In animal research, we are trying to mimic human conditions by exposing the animals, either prenatally or after birth, during development or in adulthood, to various conditions which mimic, which try to mimic the best human stress.

Like mouse, we can use restraint, for instance, Or during development, we can use maternal separation unpredictable maternal separation.

And by using these paradigms, which can vary in severity and duration in chronicity, we can induce stress, signs of stress in the animals, and then benefit from that, or explore these animals to study the makeup, the underlying mechanism across tissues.

We had a cohort of traumatized children at some point in Pakistan. But it was, it’s a small cohort that we put together to collect blood as a pilot or proof of principle of some of the results we have collected in mice. Other than this, we are not directly involved with patients.

We have collaborations with the psychologist, psychiatrist through different consortia. I belong to four different consortia, three European and one Swiss, where I have access to blood or saliva if I want, with different people, people exposed to childhood trauma or to, we have a cohort of medical students who are in the emergency room and who go through several weeks of very stressful life.

So these type of of studies, and we can have access to the biological fluids from these people and do analysis if we want. But ourselves, we are not directly involved in these patients.
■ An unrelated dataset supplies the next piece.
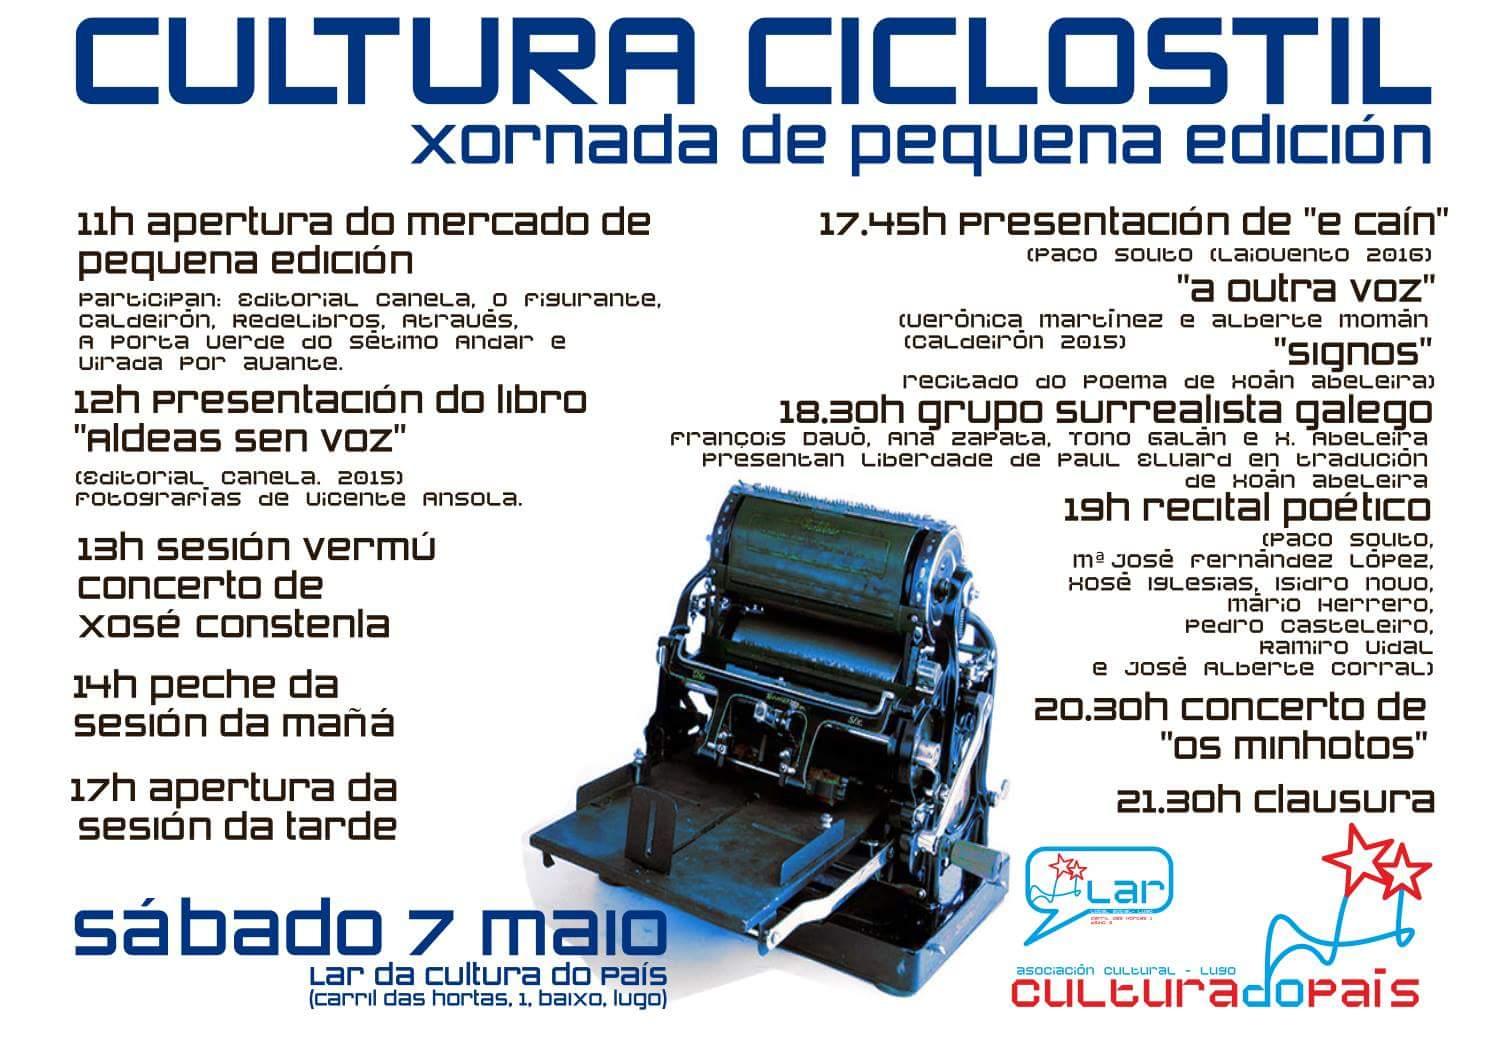 cultura ciclostil 2016

And indeed, there are two levels, I think. First of all is the knowledge, the gaining knowledge because epigenetic inheritance itself, it's a form of heredity, which is linked not only to life experiences, but also to diets, to exposure of various factors like endocrine disruptors, or pollutants in the environment. It is known that all these factors, elements, the things that we encounter during our life, can modify our body and have effects in our offspring.

So the general concept of epigenetic, of inheritance, this form of transmission of acquired traits. There are features that an organism starts developing after being exposed to some factor, and that these features are passed to the following generations. And that is not by culture, by behaviour or by anything else, but embedded into reproductive cells.

So when this relates to traumatic experiences, or childhood adverse experiences, our finding, or the results of our research, could help people who are affected by this in their mental health, in their physical health.

There is still a lot of work needed to be able to help these people directly. But if we could already confirm the possibility, that indeed, complex diseases like depression or borderline personality disorder, may not necessarily be caused by something the person has done wrong, but could be something that is inherited from mum or dad.

That would already be something very important for people to know and for psychiatrists and for medicine in general.